24/07/2024 (modifier)
Par Charly
Note: 4/5
Couverture de la série Le Sculpteur
Le Sculpteur

L’histoire explore le processus créatif et les sacrifices que l’artiste David Smith est prêt à faire pour réaliser son rêve. Les débats sur l’art, la célébrité et la quête de sens sont bien développés. La rencontre entre David et Meg apporte une dimension émotionnelle à l’histoire. Leur lien est poignant et réaliste. McCloud applique ses théories sur la bande dessinée avec brio. Le découpage, la mise en page et la bichromie sont excellents. Certains passages traînent un peu en longueur, mais l’ensemble reste plaisant à lire.

24/07/2024 (modifier)
Par Charly
Note: 5/5
Couverture de la série Before Watchmen - Minutemen
Before Watchmen - Minutemen

Lorsque j'ai ouvert "Before Watchmen: Minutemen", j'ai été immédiatement plongé dans l'univers des années 40. Le dessin rétro de Darwyn Cooke m'a transporté dans une époque où les super-héros étaient encore des pionniers, des aventuriers costumés prêts à défendre la justice. Derrière leurs masques, les Minutemen avaient des personnalités complexes, avec des secrets, des conflits internes et des motivations variées.
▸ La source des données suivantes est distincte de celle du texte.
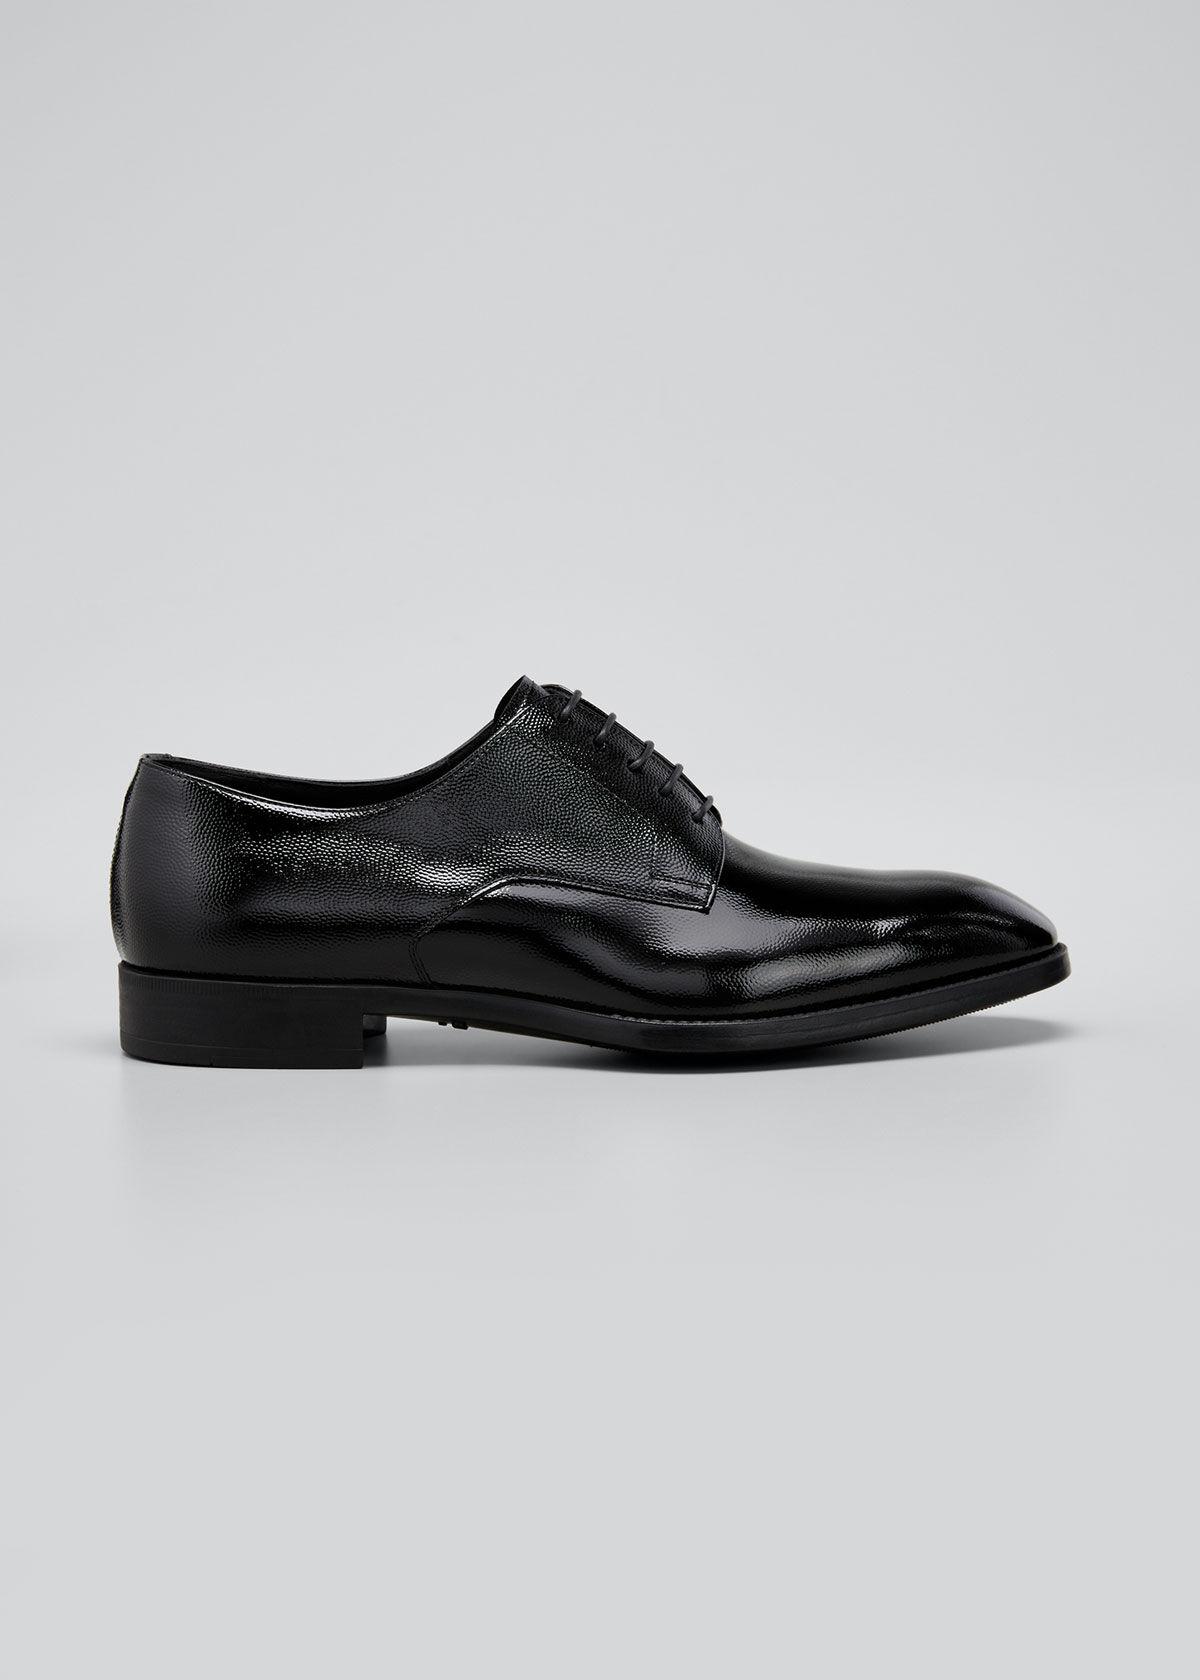 Giorgio Armani Men's Pebbled Leather Lace-Up Shoes  - male - BLACK - Size: 8 UK (9D US)

Certains cherchaient la notoriété, tandis que d’autres luttaient pour la justice. Le récit explore les aspects sombres du groupe, y compris des révélations sur les abus, la dépression, l’alcoolisme et la sexualité. Il montre que les super-héros ne sont pas toujours des modèles de vertu. L'intrigue sombre et réaliste m'a tenue en haleine. Les Minutemen ne sont pas des héros parfaits, mais des individus complexes avec leurs failles et leurs démons intérieurs. Les révélations sur leur passé ont ajouté une profondeur inattendue à l'histoire. En lisant cette bande dessinée, j'ai ressenti une nostalgie pour une époque que je n'ai jamais connue. Les pages se sont enchaînées, et j'ai été captivé par les dilemmes moraux auxquels les Minutemen étaient confrontés.